Directions: Going through the material below, output exactly the lines from the one containing "The Reverse of the 1880 Silver Dollar" through the one containing "Arrest warrants show", and no pictures.

Extracted records:
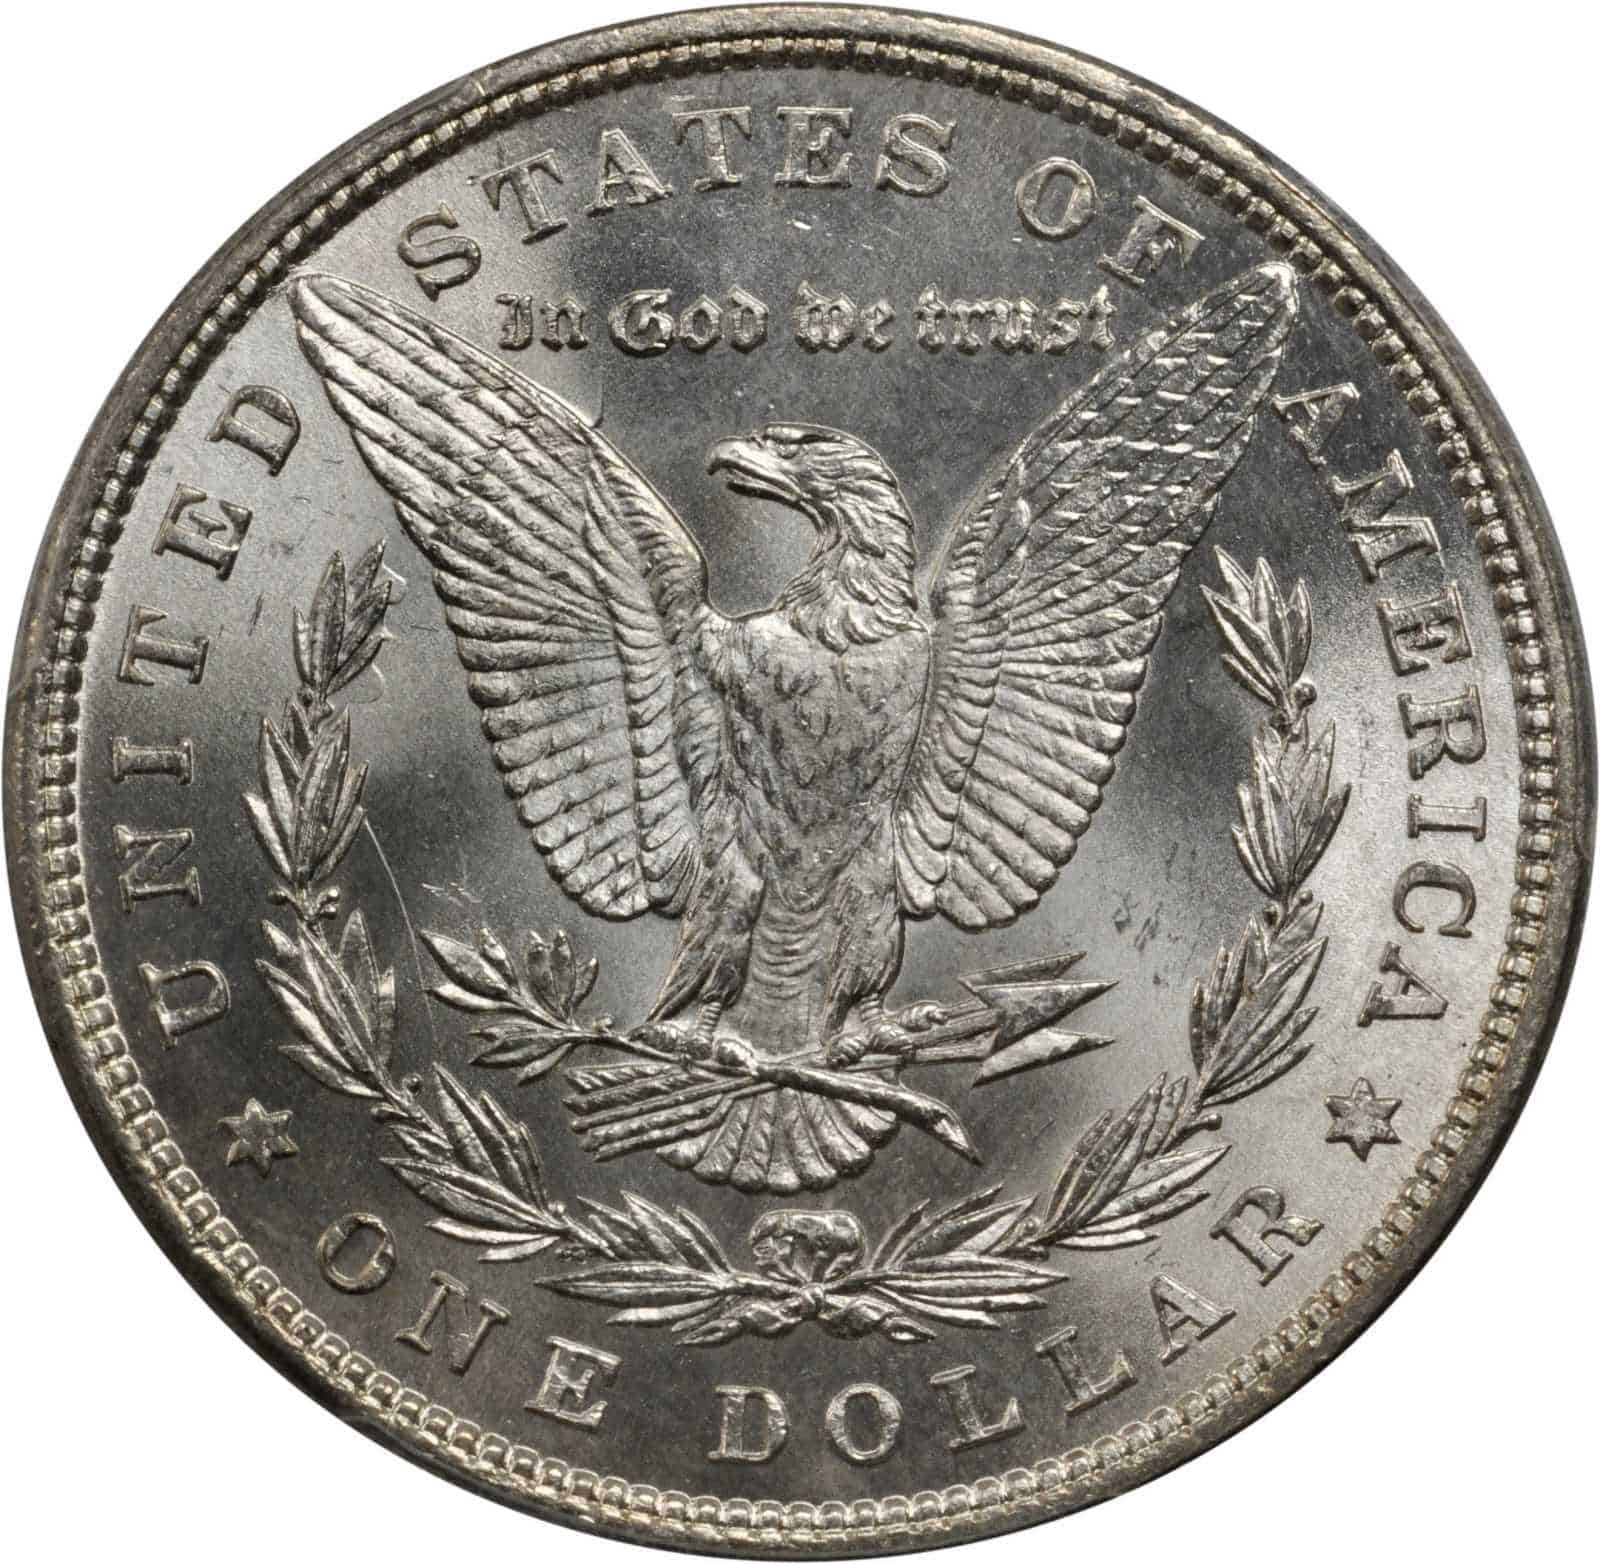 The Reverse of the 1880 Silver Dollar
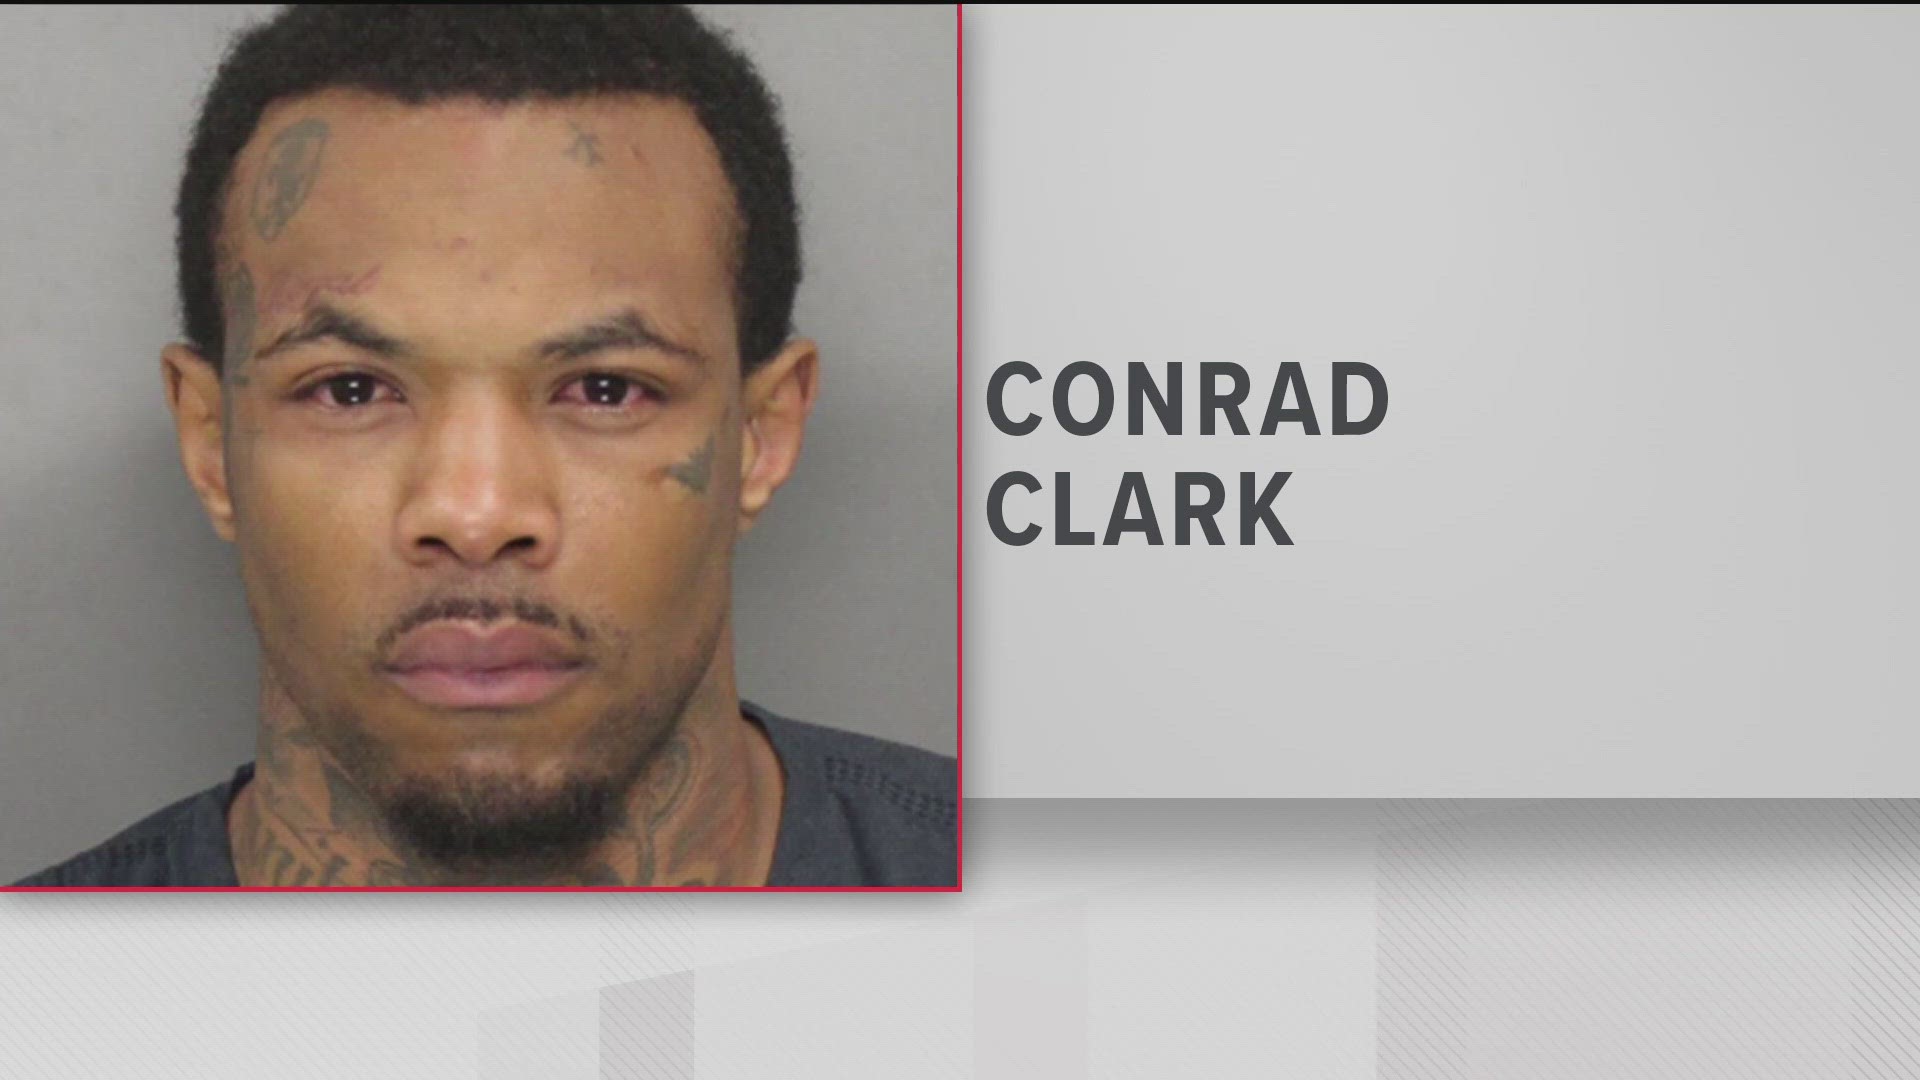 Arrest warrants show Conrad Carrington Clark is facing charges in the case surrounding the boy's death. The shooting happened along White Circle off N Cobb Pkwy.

* * *

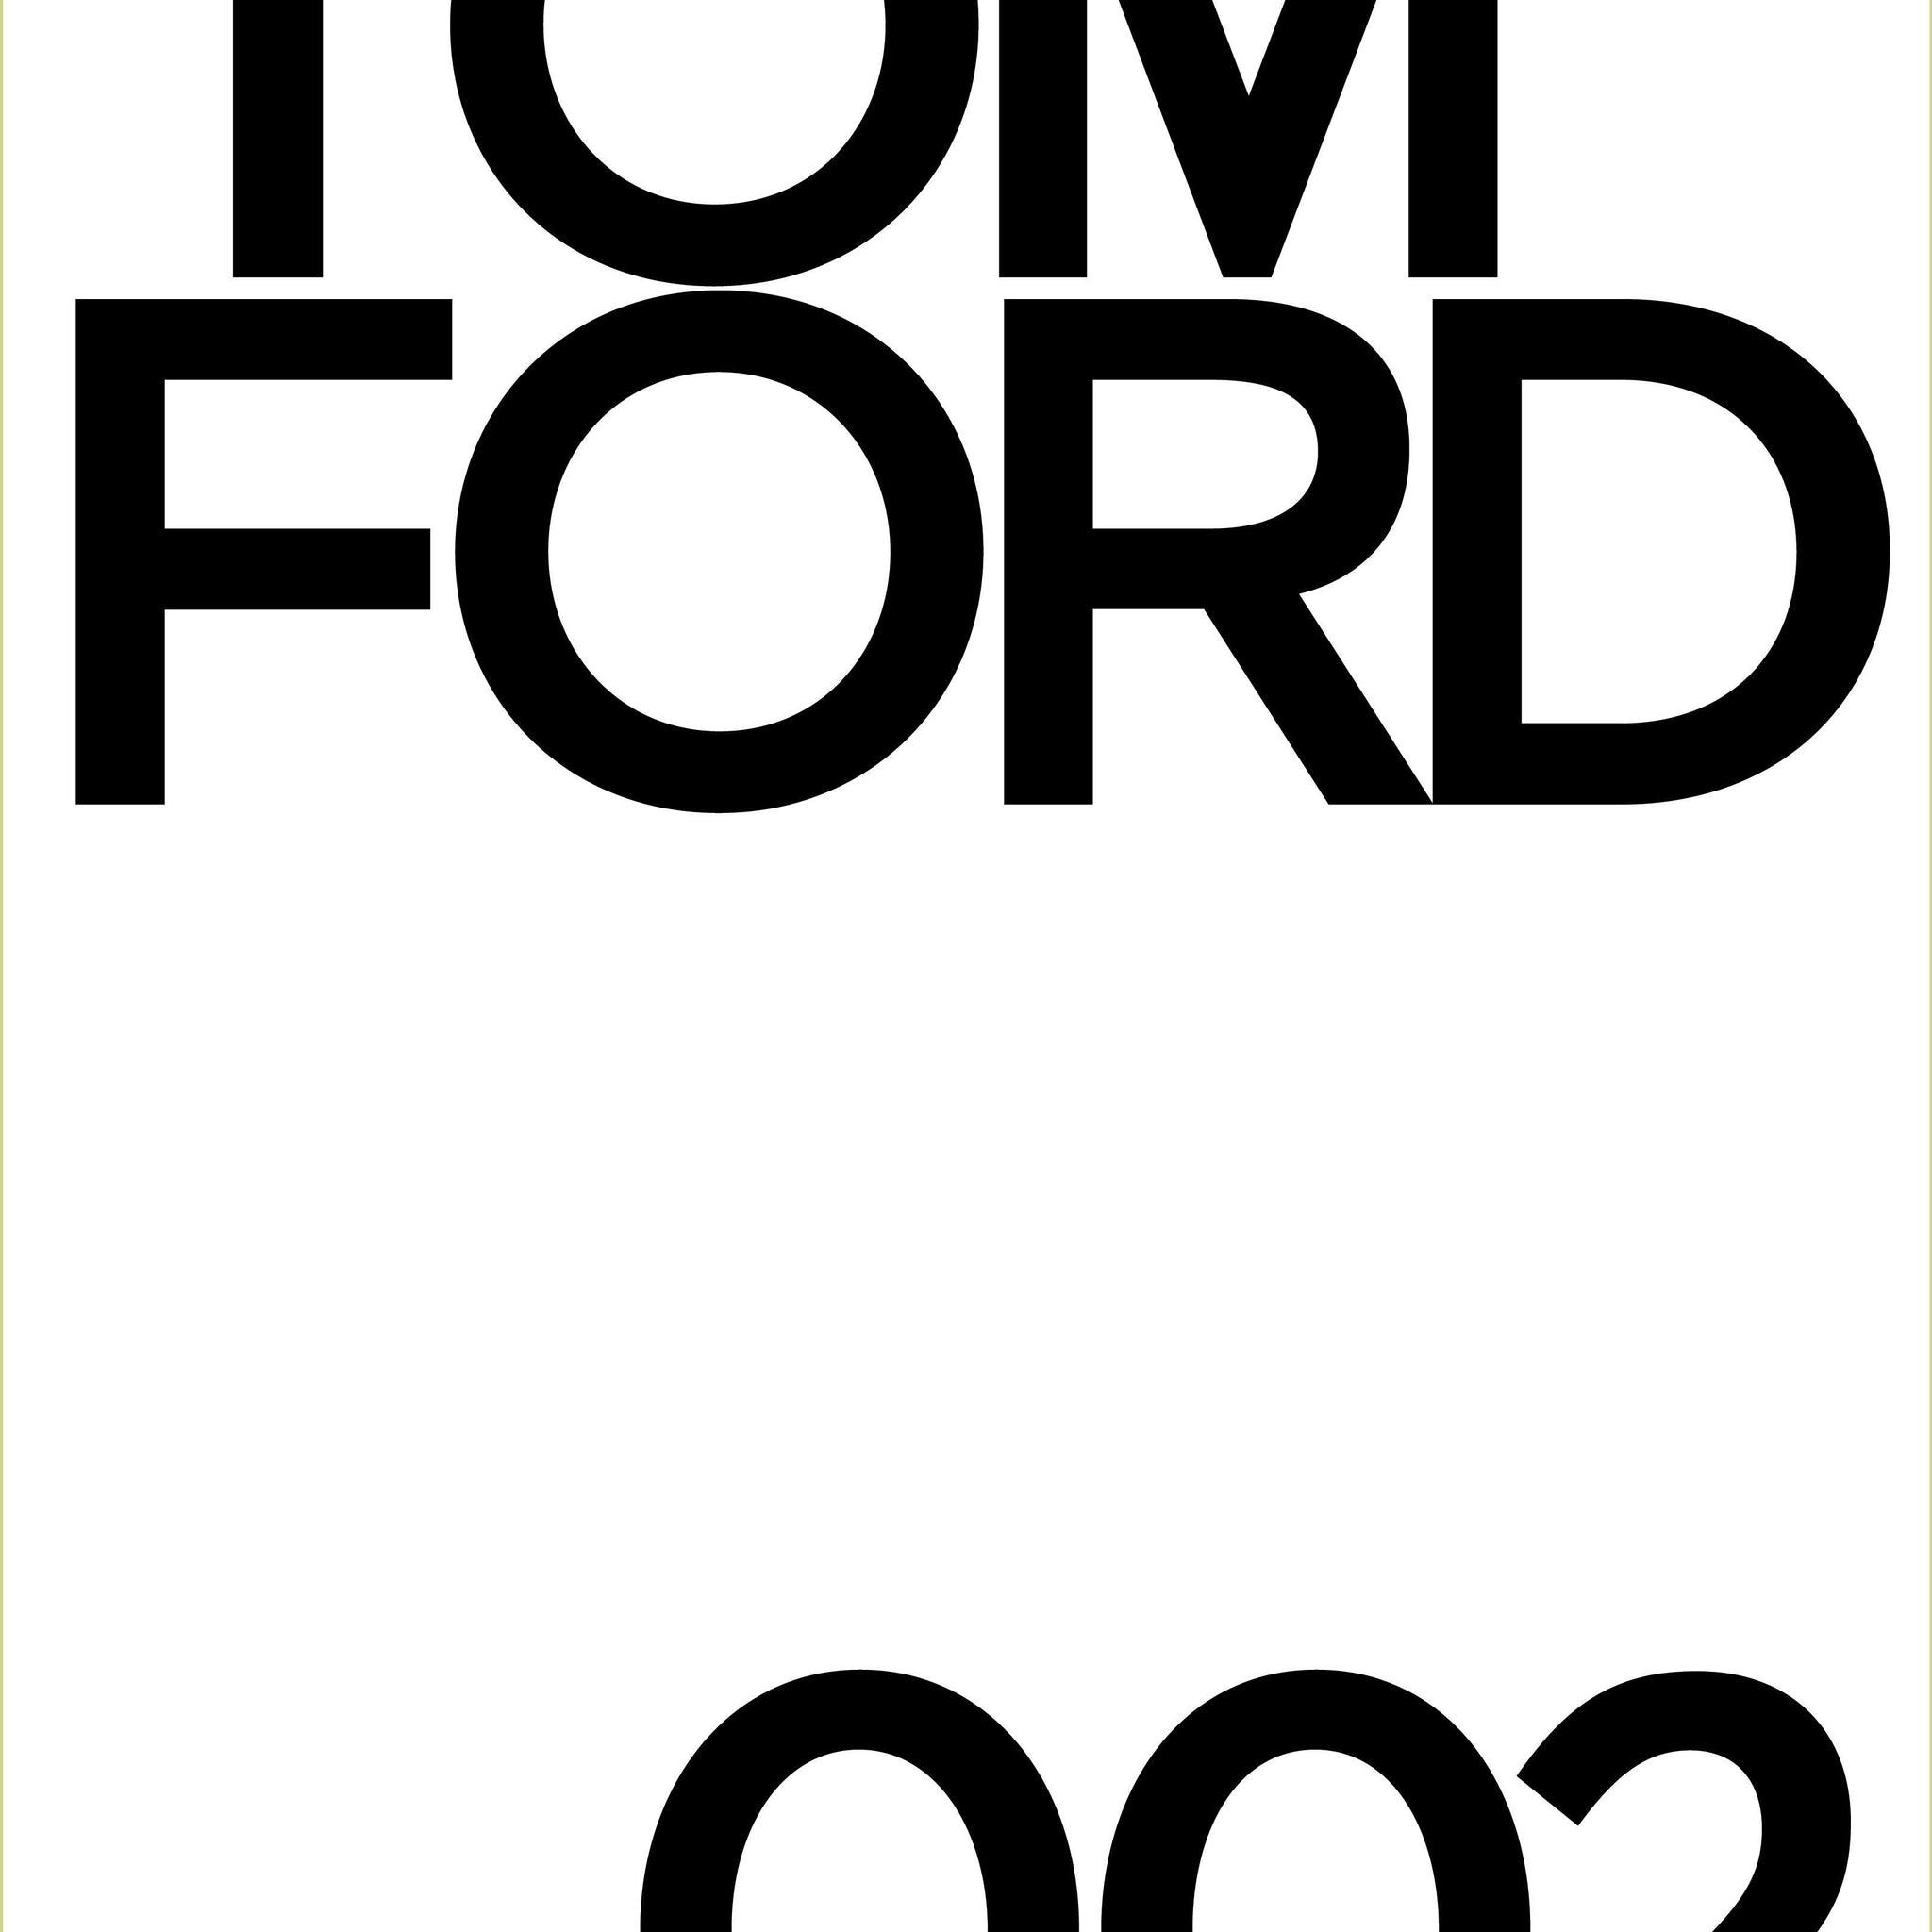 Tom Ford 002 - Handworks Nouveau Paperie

Problem solution:
 The Reverse of the 1880 Silver Dollar
 Arrest warrants show Conrad Carrington Clark is facing charges in the case surrounding the boy's death. The shooting happened along White Circle off N Cobb Pkwy.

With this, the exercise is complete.